Nominal Illusion: Are People Understanding Real Versus Nominal Interest Rates?

Before the last couple of years, inflation had been low (and reasonably steady) for long enough, it wouldn’t be surprising if even important economic actors now didn’t fully understand that for economic decisions, they should be paying attention to real interest rates, rather than nominal interest rates.

Take the tech sector, for example. There are many possible reasons for the end of the Second Tech Boom that Noah Smith talks about here. But higher interest rates are not a good reason, unless someone, somewhere, despite having a high IQ, fails to understand real versus nominal interest rates. Whatever the business model for monetization that a tech company pursues, the revenues—and ultimately profits—from that monetization should go up an extra amount from any general rise in prices. So for a venture capitalist, what should matter is what the interest is compared to inflation. The interest rate compared to inflation can be calculated as the usual concept of the interest rate—what economists call the “nominal” interest rate—minus the inflation rate. The usual nominal interest rate minus inflation is called the real interest rate. You can see the equation above. “r” stands for the real interest rate, “i” stands for the nominal interest rate and the symbol for pi stands for the inflation rate. (In economics, the symbol pi doesn’t always stand for 3.14159… It is more often the traditional symbol for the inflation rate, and only occasionally stands for 3.14159.)

There is no indication that the real interest rate is going to be all that high in the future. I have been tweeting that the Fed might well have to raise rates to 7% by sometime in 2023, which would be a considerably higher rate than the market seems to expect. But with core inflation running at 6.3%, that would be a real interest rate of only 0.7%. (“Core inflation” is the rate of changes in prices other than food and energy prices. The reason to take out food and energy prices is that they bounce around so much that what they do in any given month can mislead you about what it means for prices in the next few months.) I wouldn’t be surprised if a higher level of national debt (as measured in years’ worth of Gross Domestic Product) raised the long-run real interest rate somewhat compared to its very low rate so far in the 21st century, but that increase should be less than 1%. A long-run real interest rate of, say, 2% is a real possibility, but I’d be surprised to see any higher than that in the US during the next two decades.

The logic above applies to other real assets as well. For example, machine tools are used to produce goods whose price should go up along with other prices. So it is the interest rate compared to inflation—the real interest rate that should matter.
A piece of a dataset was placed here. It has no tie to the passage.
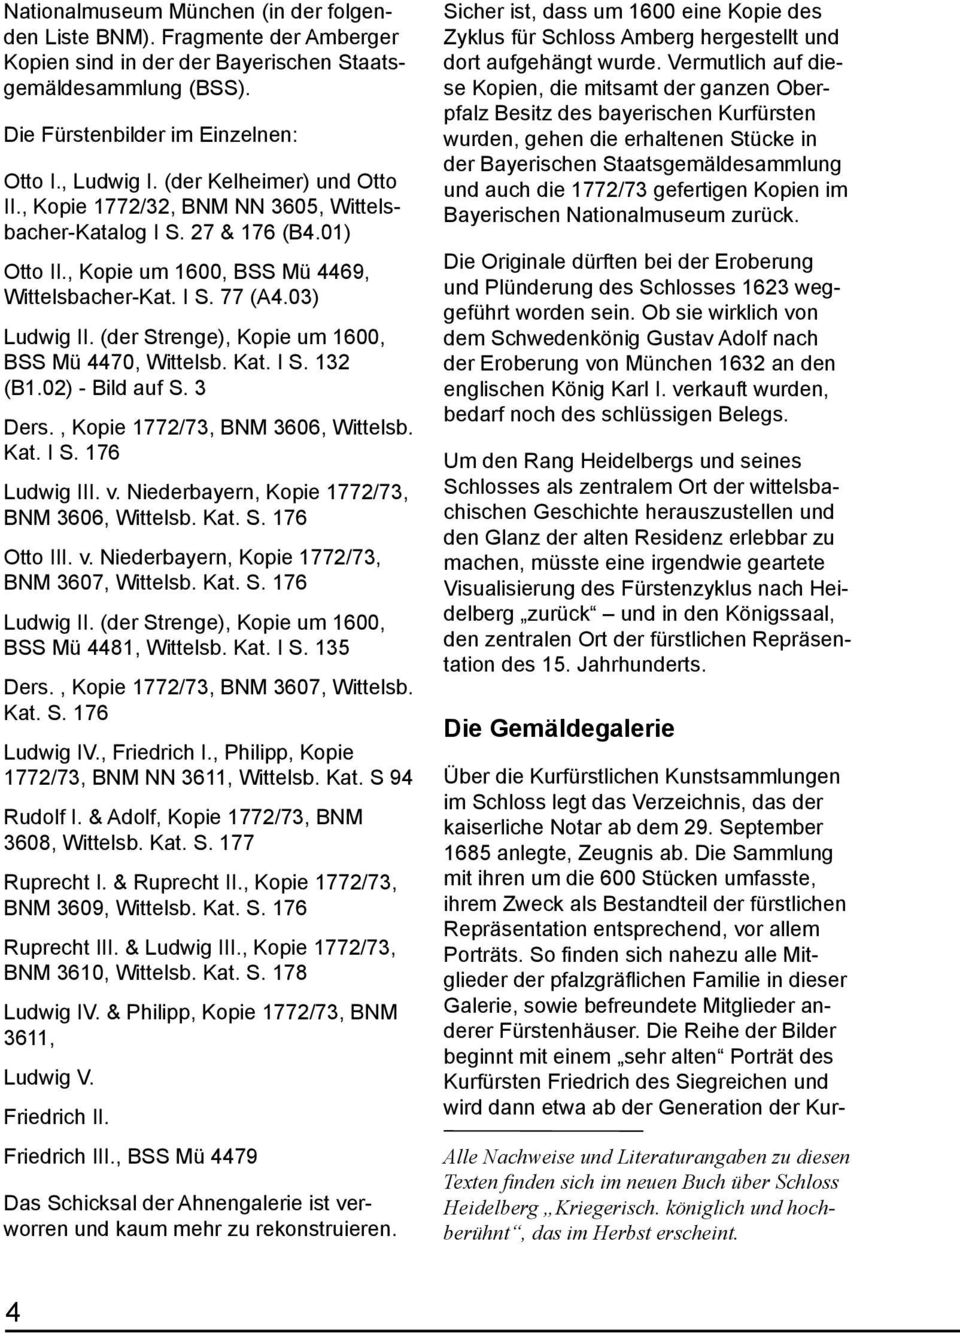 (der Strenge), Kopie um 1600, BSS Mü 4470, Wittelsb. Kat. I S. 132 (B1.02) - Bild auf S. 3 Ders., Kopie 1772/73, BNM 3606, Wittelsb. Kat. I S. 176 Ludwig III. v.

That real interest is low, so it is a good time to buy a machine tool unless the price of machine tools is temporarily elevated compared to other prices.

Except for one wrinkle, it is even a good time to buy a house, as long as the house’s price isn’t so high that its price is likely to fall compared to other prices. If a house’s price will go up along with prices in general, the the inflation part of the interest rate you are paying will get recouped as nominal capital gains when you sell.

The wrinkle is an institutional one: the speed at which you are expected to pay back a fixed-rate mortgage is faster when the nominal interest is higher, even if the nominal interest rate is higher only to make up for inflation. “Fixed-rate” could have been—and should have been—defined in terms of real rates, but it isn’t. Traditional adjustable-rate mortgages also ask people to pay back the loan faster if the nominal interest is higher because of inflation. In either case, the same real rate with higher inflation means that someone with a mortgage has higher mortgage payments and builds up home equity faster (as long as the house price goes up along with other prices in the economy). In a high-inflation environment, the typical fixed-rate mortgage has a large component of forced saving to it. Not everyone can swing that high a level of forced saving, so housing demand gets crushed in times of high nominal interest rates, even if the real rate is low. Economists call the cash crunch when a high level of forced saving causes real hard ship a “liquidity constraint.” Liquidity constraints interact with the traditional form of mortgages to make it hard for many people to buy a house. This is unlikely to change any time soon because it scares people to see the nominal value of their mortgage go up, which is typically needed to keep mortgage payments low when inflation is high.

Let me challenge you to notice when you read the news or listen to what people are saying to look for places where people are forgetting the value of looking at real rather than nominal interest rates—or equivalently, where they are forgetting the ways in which a general rise in prices might make an investment in something real more attractive.